Unconvinced, Mike asked, "If I give a girl a baby, will it be mine?"

"Mike," the doctor replied firmly, "I cannot say yes to the impossible. In this body in which you reside there is a uterus, ovaries, a vagina. Each of these is just as special, just as precious as a penis in a man's body. Without the woman's organs as well as the man's, the perpetuation of the human race would be impossible. It takes a woman's organs as well as a man's to produce a baby. Now, in this body-- your body, Mike--there is a pair of ovaries, where the eggs are. ..."

"I don't want those sissy girl organs," Mike interrupted, "and I don't have them. Not me--I'm a boy."

"Mike, you only have half of what it takes to create a baby, and it is not the half you think you have. All of these parts of the body--the woman's organs and the man's--are important for both the woman and the man. But no one of them is more important than the other. None of them is dirty. You understand that?"

"I'm built like my Dad, like Grandpa was," Mike protested. "I can give a girl a baby if I want to. How many times do I have to tell you that if I pushed hard enough, I could push it out?"

"Why don't you try?"

"I will when I'm older."

"Mike, you do not have a penis or the two little sacks, the testicles, that hang down below the penis and contain the male cells. Without these you cannot give a girl a baby."

"Not ever?" Mike asked. "Not ever?" His tone, for the first time since he had presented himself to the doctor, was somber, subdued.

"No, not ever."

He replied with urgency: "But I want to I want to. I have to!"

Mike Dorsett could not accept the special facts of his life.

 

Of the two, Mike proved in analysis to be the more aggressive; Sid was the more thoughtful. This was quite appropriate in terms of their identification-- Mike with his grandfather, Sid with his father.

Sybil had made identification not with her mother, of whom she was terrified and ashamed, but with the males in her family. Her father had let Sybil down but, except for the one instance when he and Hattie had been having intercourse, had not hit her or hurt her physically.
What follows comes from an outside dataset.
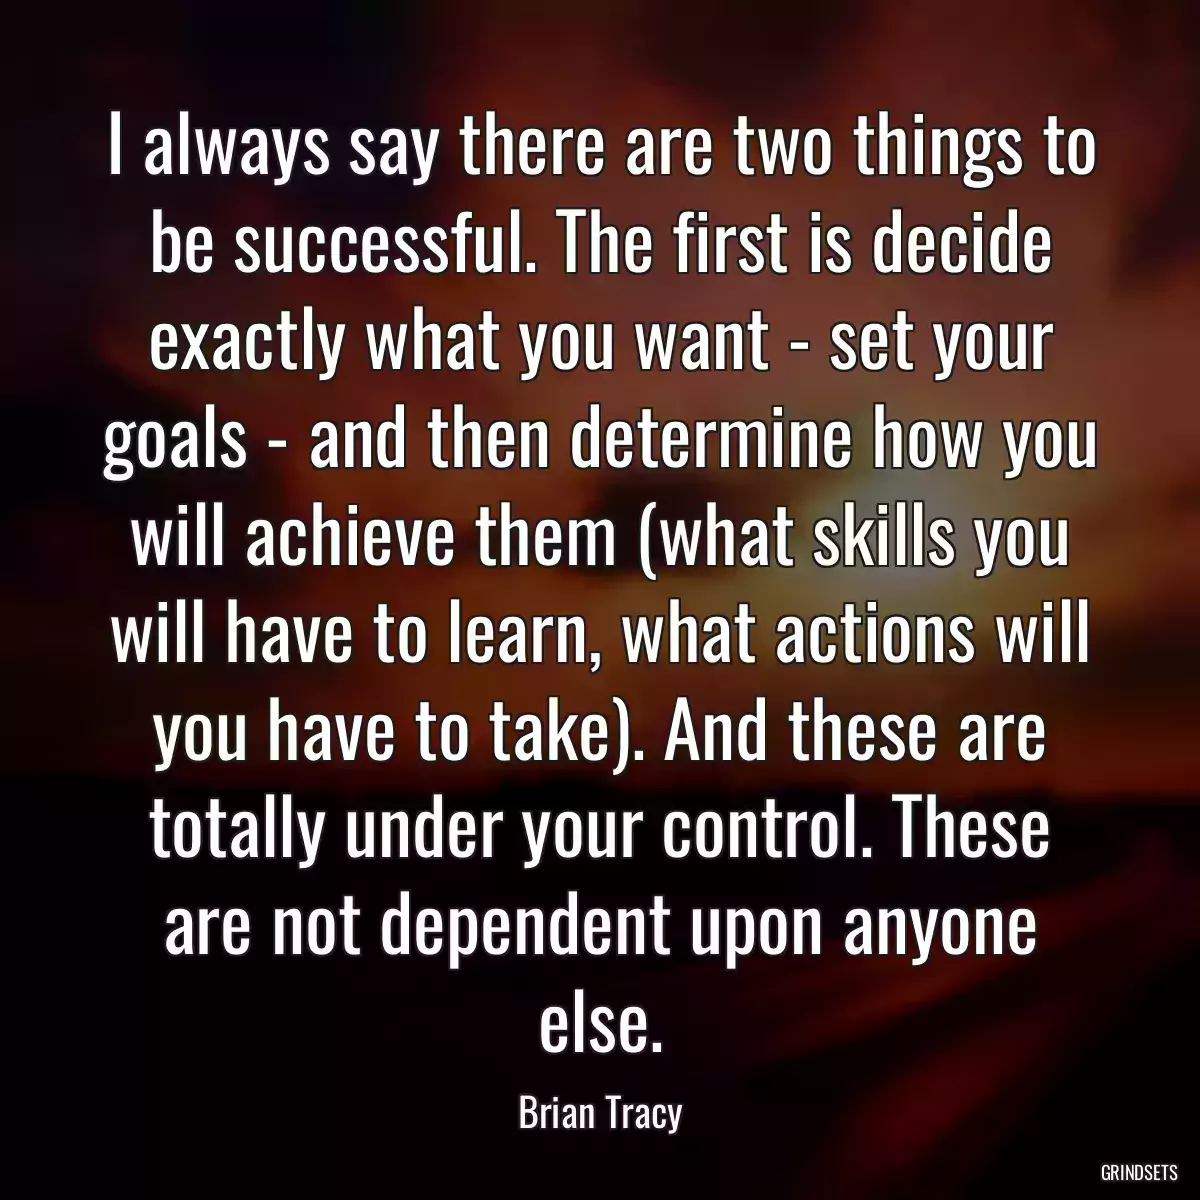 I always say there are two things to be successful. The first is decide exactly what you want - set your goals - and then determine how you will achieve them (what skills you will have to learn, what actions will you have to take). And these are totally under your control. These are not dependent upon anyone else.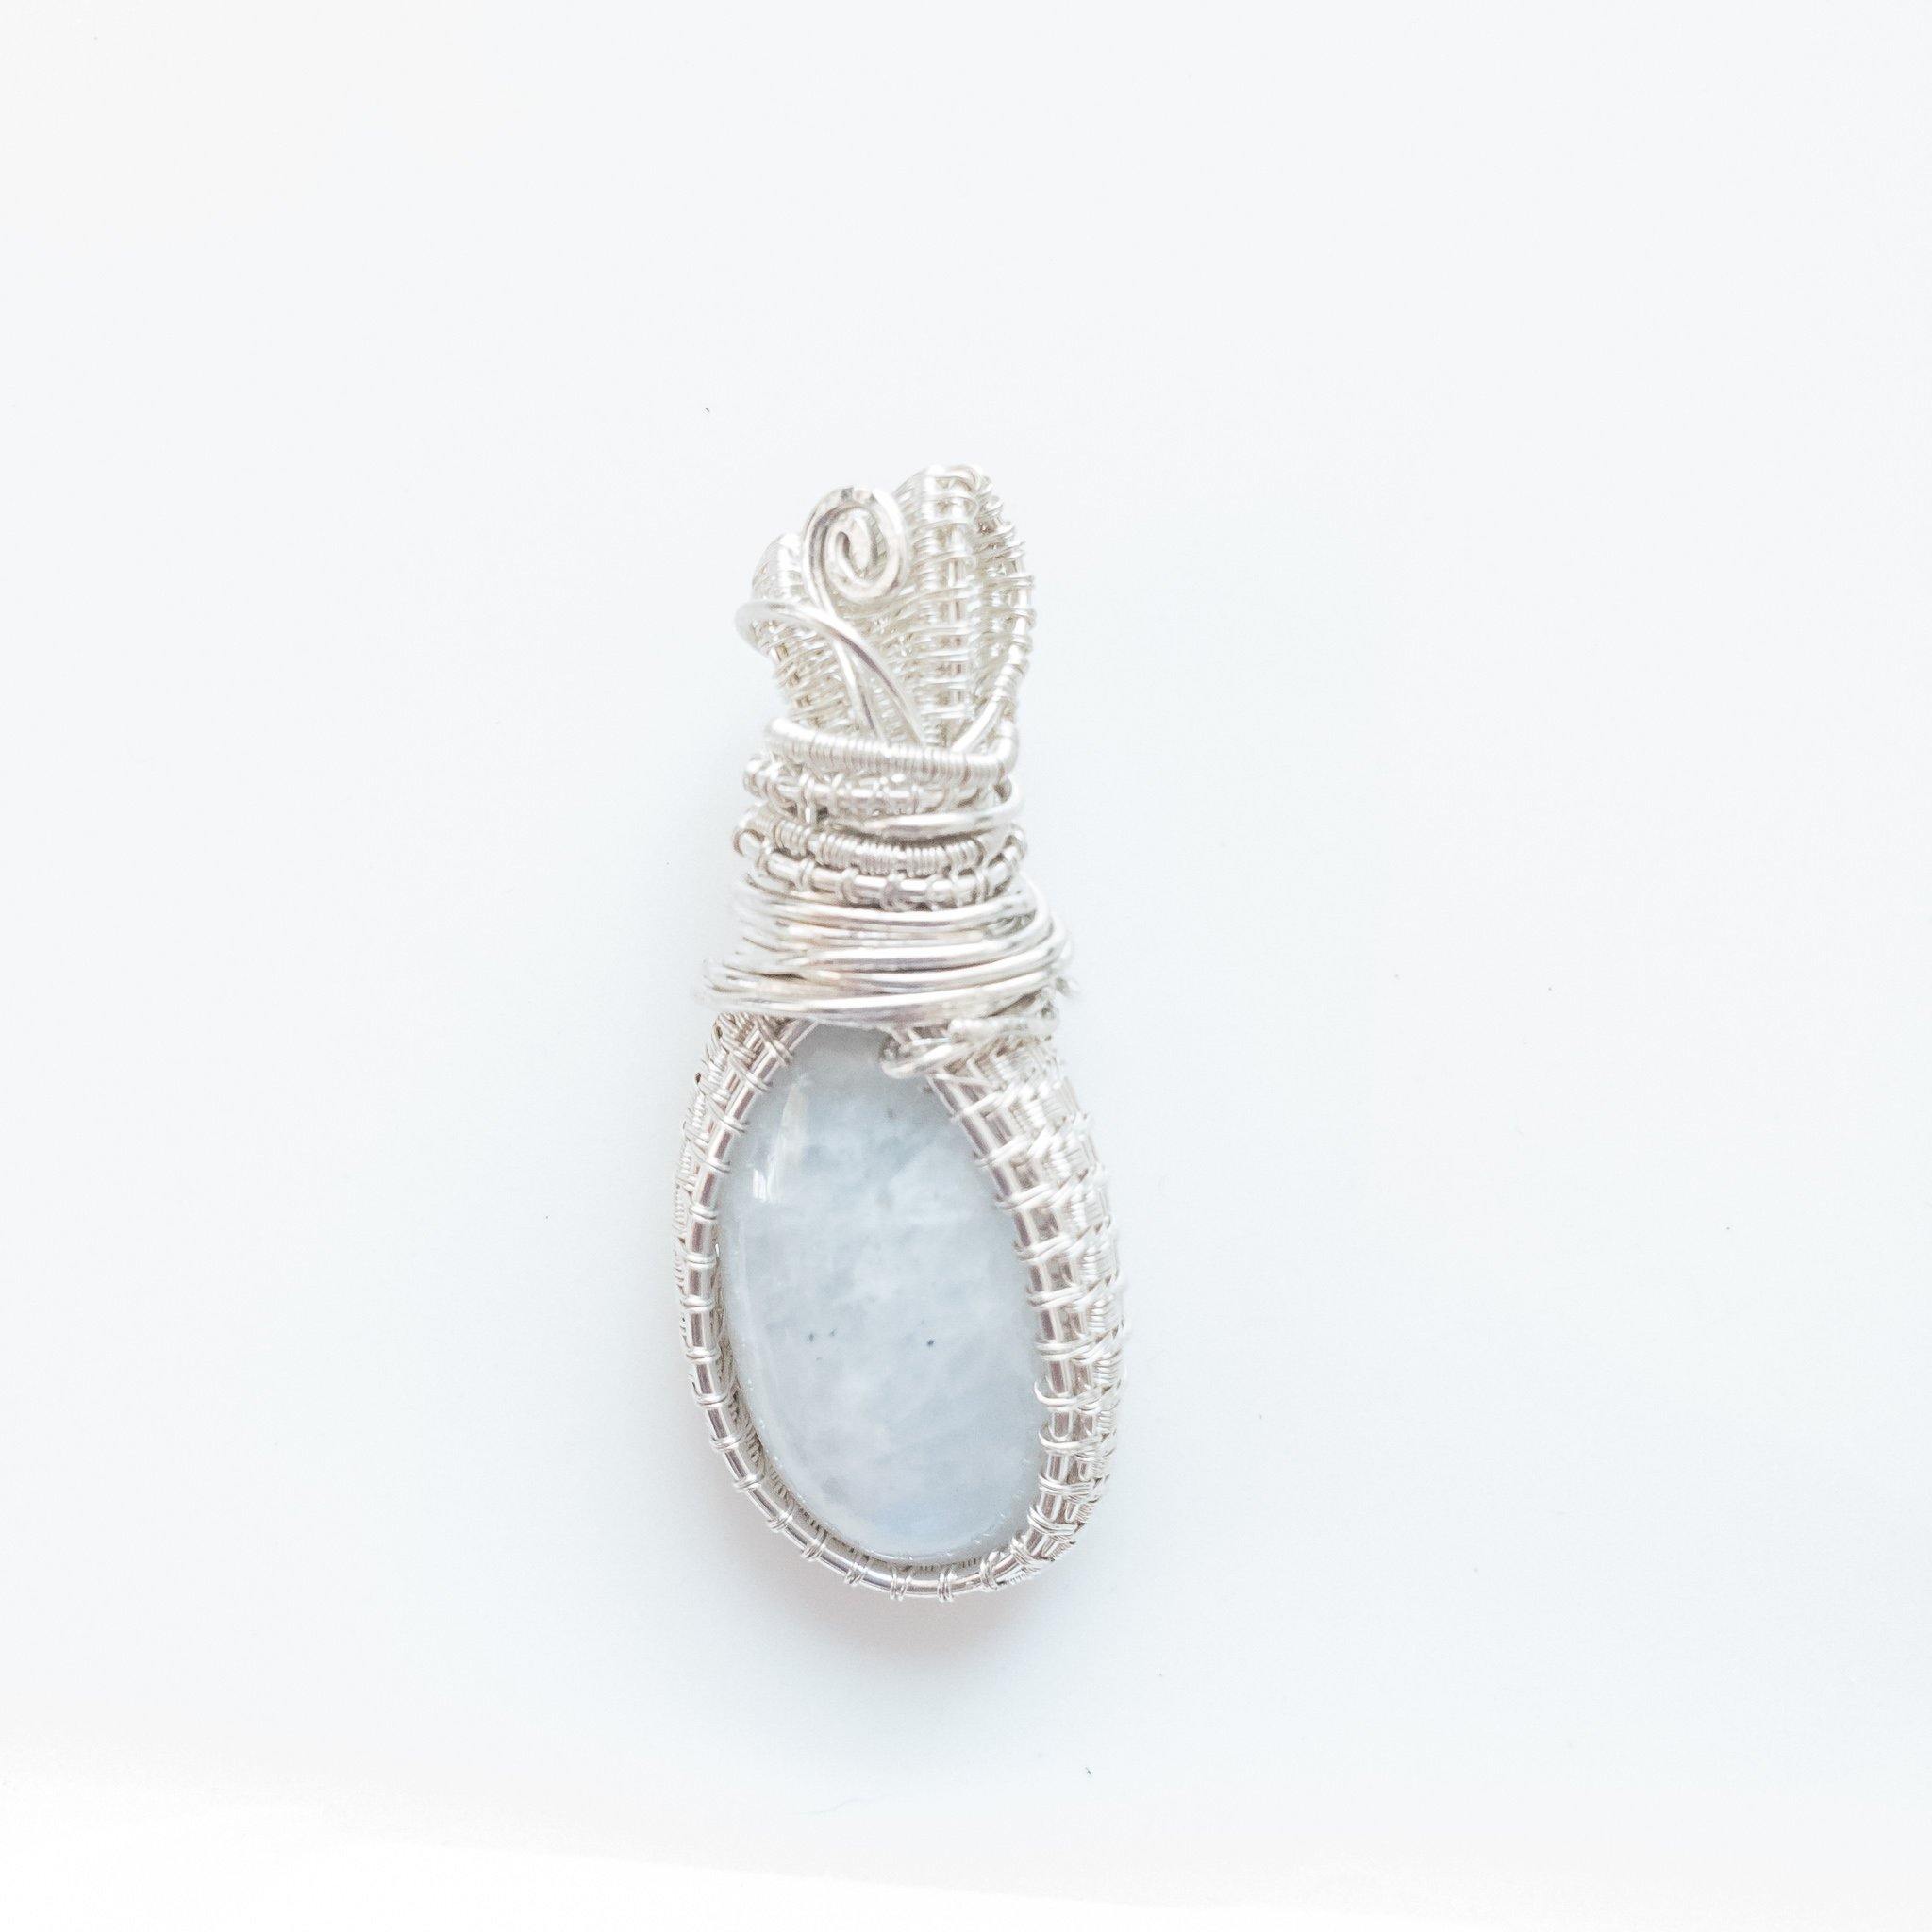 Beautiful Moonstone Necklace Pendant in Sterling Silver - front view - BellaChel Jeweler

Because she had to have someone, she had made her father the figure on whom she depended. The identification was the more natural because she looked like her father.

Her father was a builder and carpenter. She became a builder and carpenter by dissociating into a male personality. And that was the genesis of Sid, who had built the partition.

Grandpa Dorsett was aggressive and fanatical. He aroused Sybil's fear, anger, and hatred. Sybil had found the means of dealing with this grandfather and these emotions by dissociating into a male personality whose name was Mike. In Mike Sybil found an aggressor to deal with her grandfather's aggression. Sybil was terrified and ashamed of her grandfather. Mike reflected Sybil's feelings but at the same time made identification with the aggressor-- in fact, became the aggressor.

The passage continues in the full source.